Names have no intrinsic reality. One agrees to use a certain
name and issues an order that it shall be applied to a certain
reality, and if the agreement is abided by and become a
matter of custom, then it may be said to be a real name…”
II.2.4 Xunzi’s Teachings:
“Rectification of Names”
• “故王者之制名,名定而實辨,道行而志通,則慎率民而一
焉…名無固宜,約之以命,約定俗成謂之宜,異於約則謂
不宜.名無固實,約之以命實,約定俗成謂之實名.”
• Comment: The rectification of names was a
common topic among ancient Chinese thoughts.

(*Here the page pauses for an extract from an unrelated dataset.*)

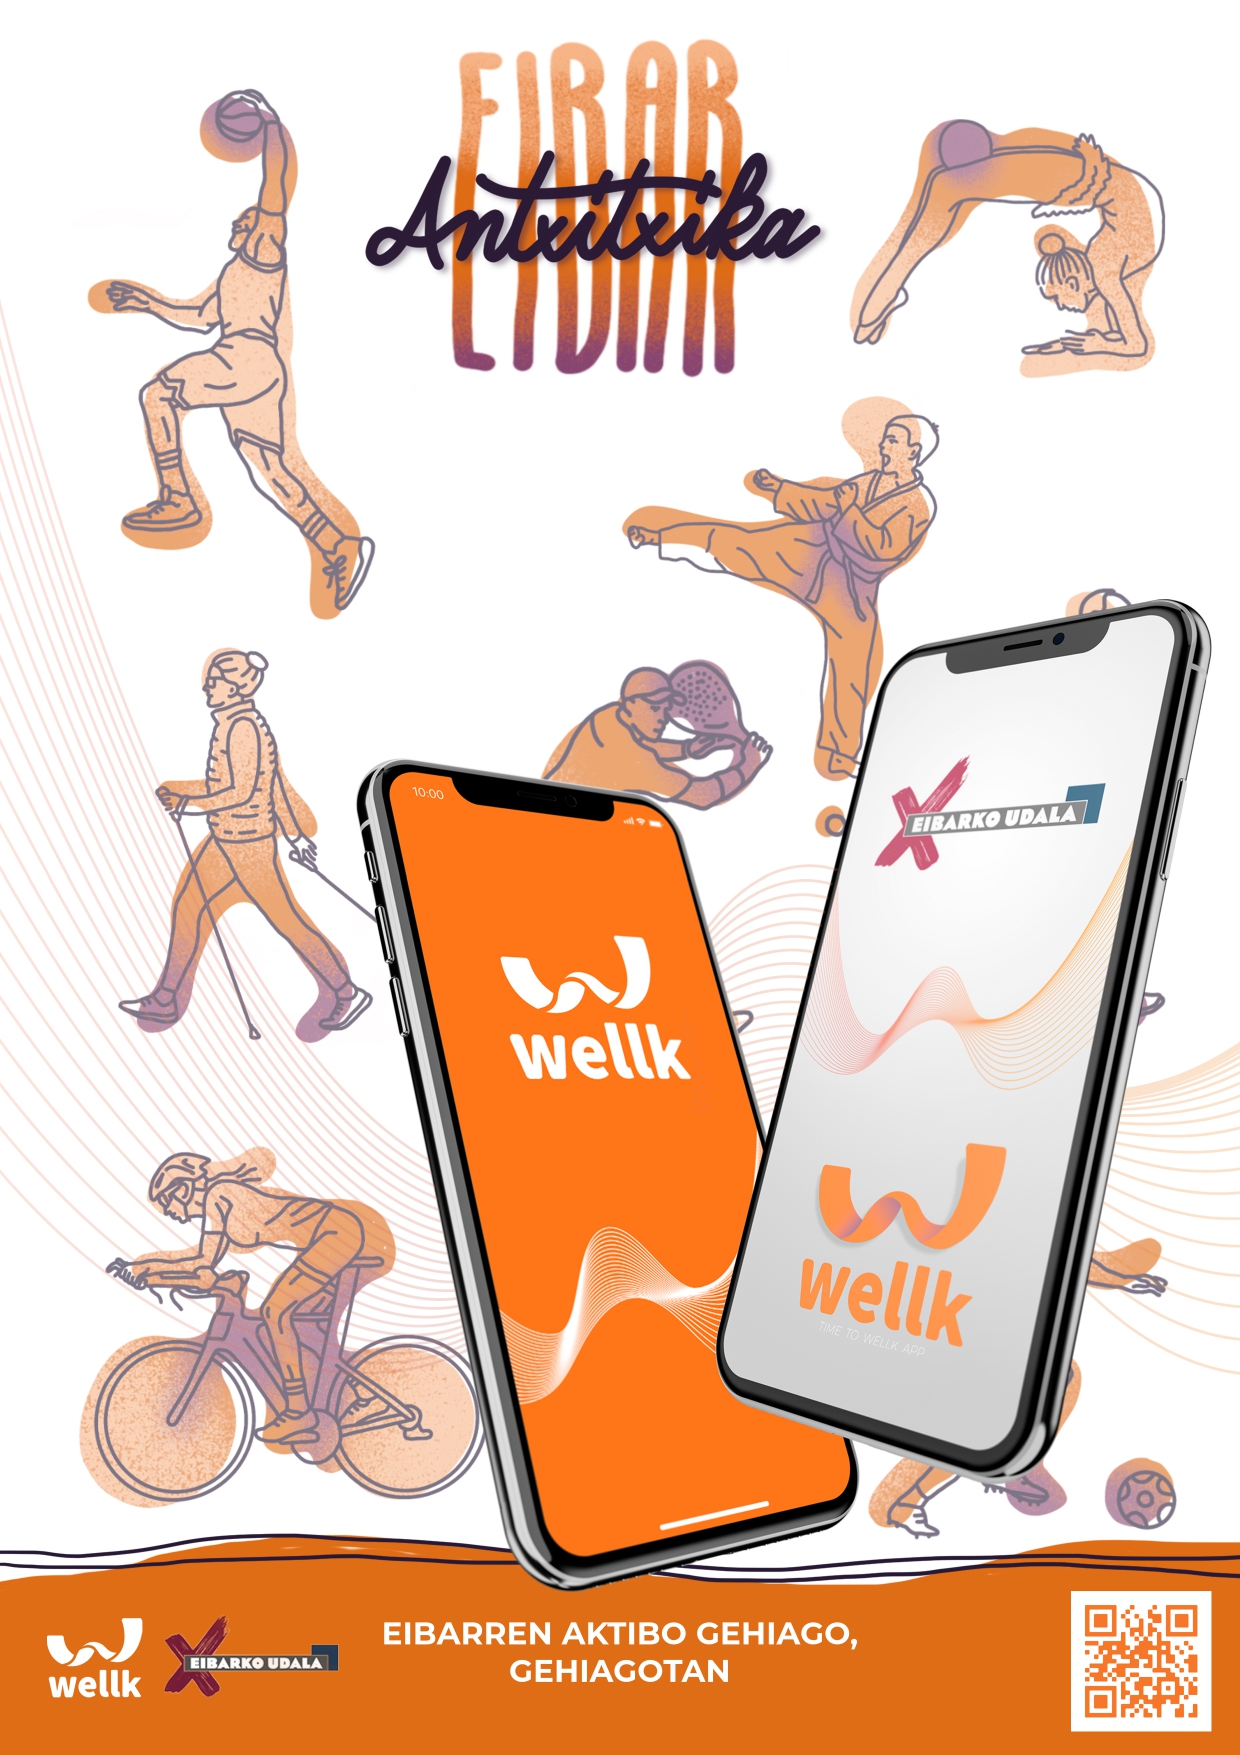 El Ayuntamiento lanza el proyecto 'Antxitxika Eibar' para el fomento de la actividad física entre los/as eibarreses/as mediante la app Wellk

Yet only in Xunzi, did it develop into some sort o
systematic logical theory. Whereas in other
schools the interest is chiefly social or moral, in
Xunzi it is predominantly logical. This is the
nearest approach to logic in ancient Chinese
philosophy.
II.2.5 Xunzi’s Teachings: “The
Nature of Man is Evil”性惡篇
• “The nature of man is evil; his goodness is the
result of his (artificial) activity. Now, man’s
inborn nature is seek for gain. If this tendency is
followed, strife and rapacity result and deference
and compliance disappear. By inborn nature one is
envious and hates others. If these tendencies
are followed, injury and destruction result and
loyalty and faithfulness disappear. By inborn
nature one possesses the desires of eye and ear
and likes sound and beauty. If these tendencies
are followed, lewdness and licentiousness result,
and the pattern and order of propriety and…
II.2.5 Xunzi’s Teachings:
“The Nature of Man is Evil”
• “righteousness disappear. Therefore to follow
man’s nature and feelings will inevitably result in
strife and rapacity, combine with rebellion and
disorder, and end in violence. Therefore there
must be the civilizing influence of teachers and
laws and the guidance of propriety and
righteousness, and then it will result in deference
and compliance, combine with pattern and order,
and end in discipline. It is clear that the nature
of man is evil and that his goodness is the result
of activity.” (Xunzi ch.23)
II.2.5 Xunzi’s Teachings:
“The Nature of Man is Evil”
• “人之性惡,其善者偽也.今人之性,生而有好利焉,
順是,故爭奪生而辭讓亡焉;生而有疾惡焉,順是,
故殘賊生而忠信亡焉;生而有耳目之欲,有好聲
色焉,順是,故淫亂生而禮義文理亡焉.然則從人
之性,順人之情,必出於爭奪,今於犯文亂理而歸
於暴.故必將有師法之化,禮義之道,然後出於辭
讓,合於文理而歸於治.用此觀之,然則人之性惡
明矣,其善偽也.”
II.2.5 Xunzi’s Teachings:
“The Nature of Man is Evil”
• Xunzi : li, xue, law= for external
control.
– li shifted from a means of personal
moral cultivation to social control.